Identifying Jesus’ relatives

By Richard J. Bauckham

Teaching at the synagogue in Nazareth, Jesus amazes his fellow congregants. “Is not this the carpenter’s son? Is not his mother called Mary?” his astonished listeners ask. “And are not his brothers James and Joseph and Simon and Judas? And are not all his sisters with us?” (Matthew 13:55–56). The story of Mary and Joseph is, of course, known by everyone. But who are these brothers and sisters of Jesus?

Throughout the New Testament and other early Christian literature, we find references—often mere hints—to Jesus’ siblings and cousins. How reliable are these obscure accounts? How much can they tell us about Jesus’ extended family?

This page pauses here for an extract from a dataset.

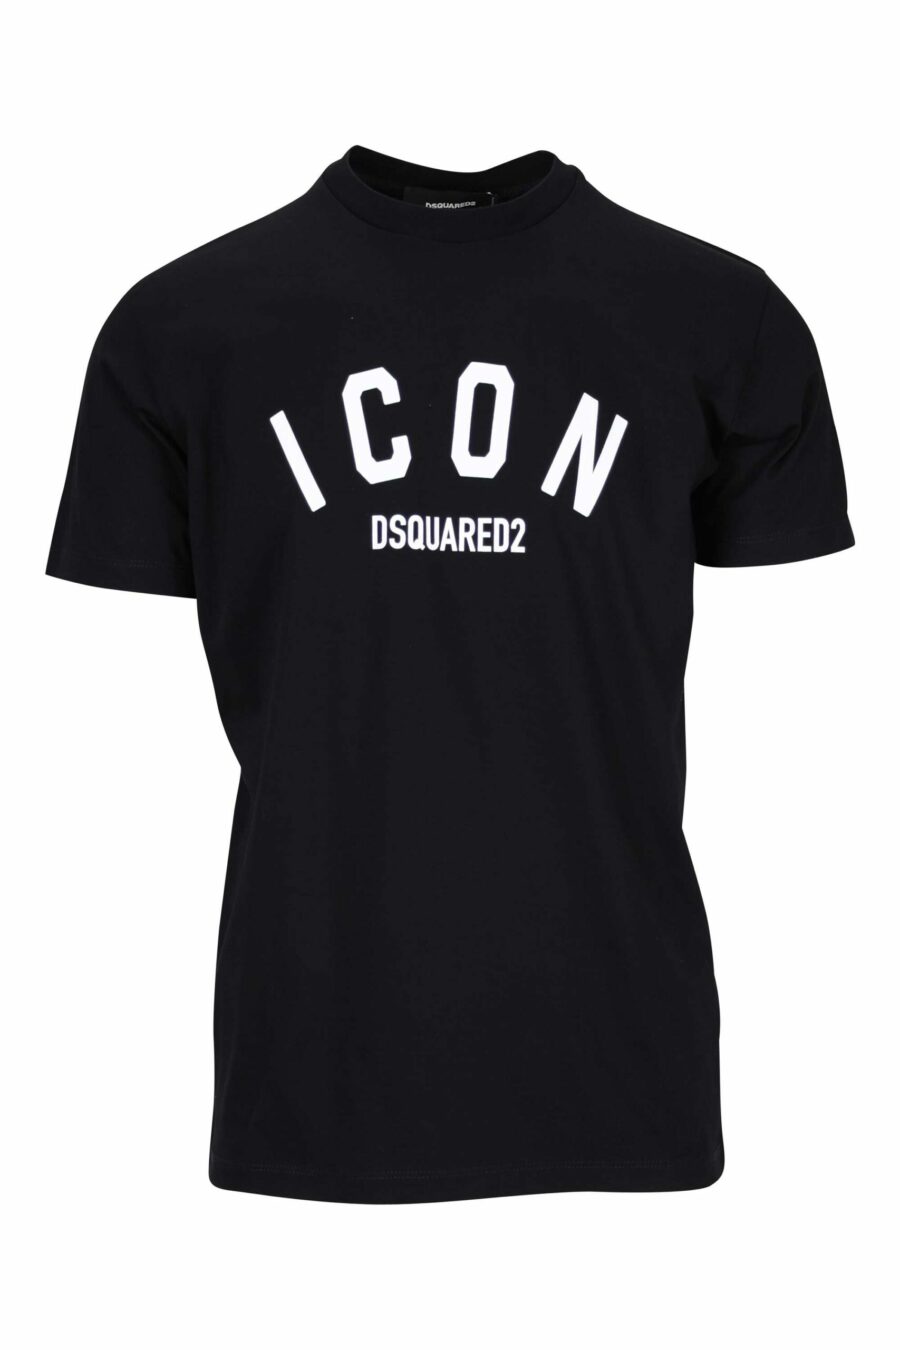 Camiseta negra con logo "icon" doblado - 8054148400989 scaled

Various traditions, as we shall see, have understood these siblings differently: as half siblings, as step siblings or as more distant relatives. But little has been said about the role these people once played in the early Church. By reading the New Testament and early Christian literature closely, however, we can begin to piece together a portrait of some of Jesus’ closest relatives. Their story, as we shall see, is not just a family history, but an account of the earliest days of the Christian Church, which Jesus’ family helped develop—both within Palestine and perhaps also further afield. Ancient sources allow us to trace the family’s continued leadership among Jewish Christians until at least the early second century.